Index Item Input Parameters

In addition to the the URI and content input mechanisms documented on the common request page, the match call supports using an item from the index as input for the match request. The item is retrieved by using either a content ID or an external ID and is then used as the input for the request.

Name Value Required
(Yes/No)
Purpose
sourceContentId An integer content identifier for an item that exists in the index No Indicates the content ID of the item to retrieve from the index that will be used as input for the match request.
sourceExternalId A string external identifier for an item that exists in the index No Indicates the external ID of the item to retrieve from the index that will be used as input for the match request.

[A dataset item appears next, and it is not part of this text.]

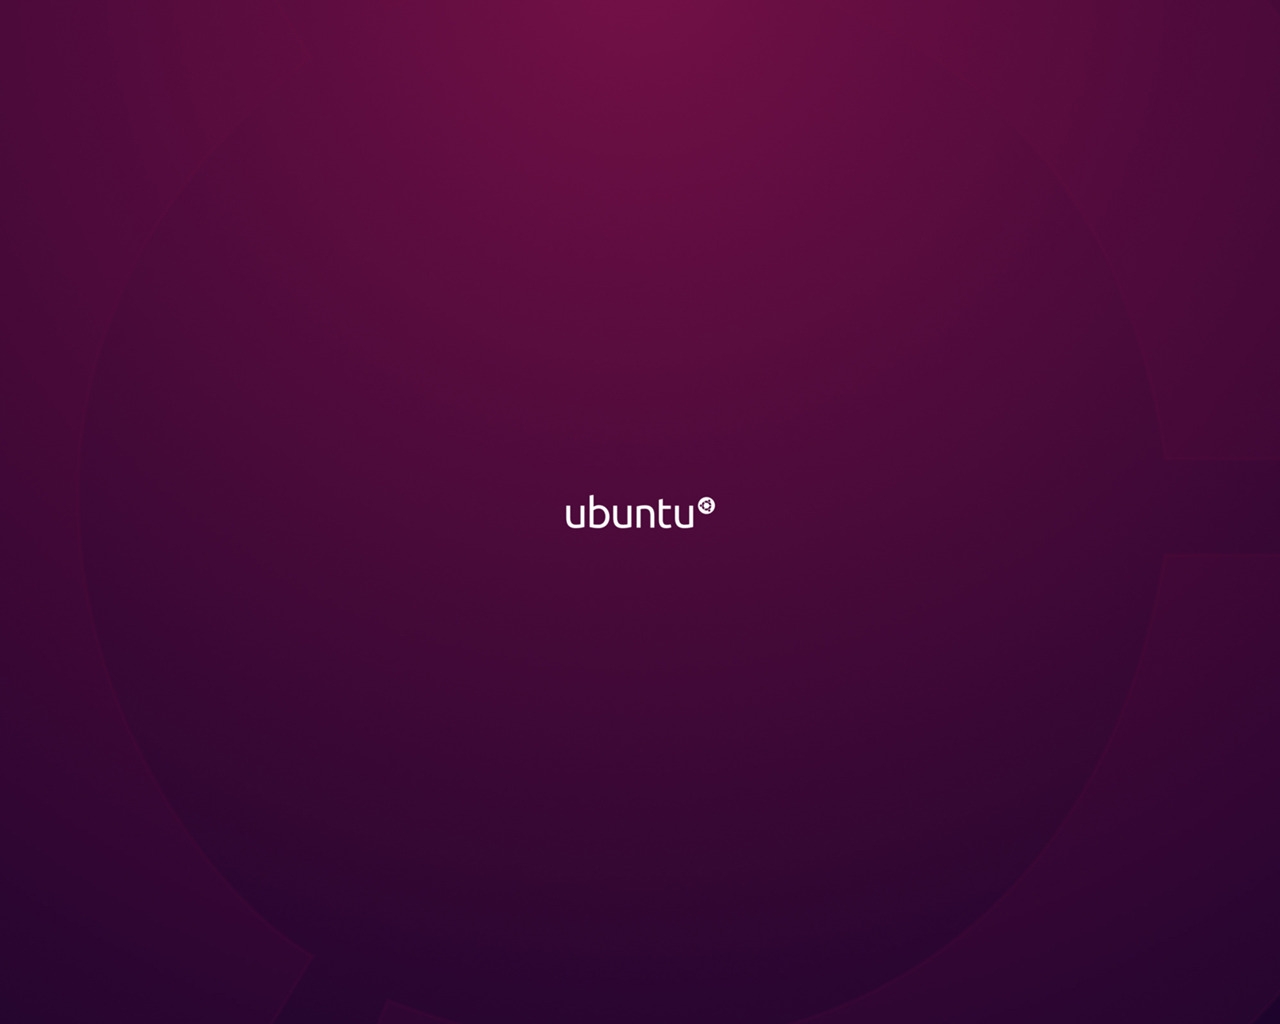 Ubuntu Purple for 1280 x 1024 resolution

The content ID (also known as document ID or ID) for an item is the value for the id attribute of a match element in a match call response. The value for the id attribute can be used as the value for the sourceContentId parameter in a match request using the index item input method. The external ID for an item is returned as the externalId element inside of a match element in a match call response. The value for the externalId element can be used as the value for the sourceExternalId parameter in a match request using the index item input method.

Examples

curl -F "sourceExternalId=B001P77X70"  "http://api.semantichacker.com/TOKEN/match/amazon"
curl -F "sourceContentId=1048"  "http://api.semantichacker.com/TOKEN/match/rssnews"

Error Codes

There are several cases where error codes will be returned when using the index item input method.

TW Code HTTP Status Code Message Explanation
210 400 'Invalid Argument'
  • If both the sourceContentId and sourceExternalId parameters are included with the request.
  • If the value of the sourceContentId parameter does not parse into an integer.
  • If a uri or content parameter is included with a request that already includes an index item input parameter.
417 404 'Item not found for match request' No item was found for the sourceContentId or sourceExternalId provided with the request. If the item did exist in one of the public indexes at some point in the past, it may no longer exist due to periodic deletion of old items.

Match Call Parameters

In addition to the common request parameters, the match call has the following optional parameters.

Name Value Required
(Yes/No)
Purpose
format 'xml' or 'json' No The default format is 'xml'.
nMatches An integer > 0 and <= 100 No, default = 10 Specify how many content items should be returned in the response.
offset An integer >= 0 (zero based) No, default = 0 The starting point to return results from in the canonical list of matches. For example, if offset is set to 4, the first item returned will be the 5th item in the full match list. The end of the canonical list of matches has been reached when the number of matches returned from the call is less than nMatches.
fields A comma separated list of field names to return for each content item No Overrides the default content attributes returned for each content item in the match list and returns only those that were specified.

Note: if you have licensed an index that contains your content, there are no default fields that are provided back for a match call. You can specify which fields you want returned using this parameter. If this parameter is omitted for a custom index, all stored fields for each item will be returned.
minMatchScore A non-negative floating point number No This feature has been removed and the results of using this parameter in match requests are undefined.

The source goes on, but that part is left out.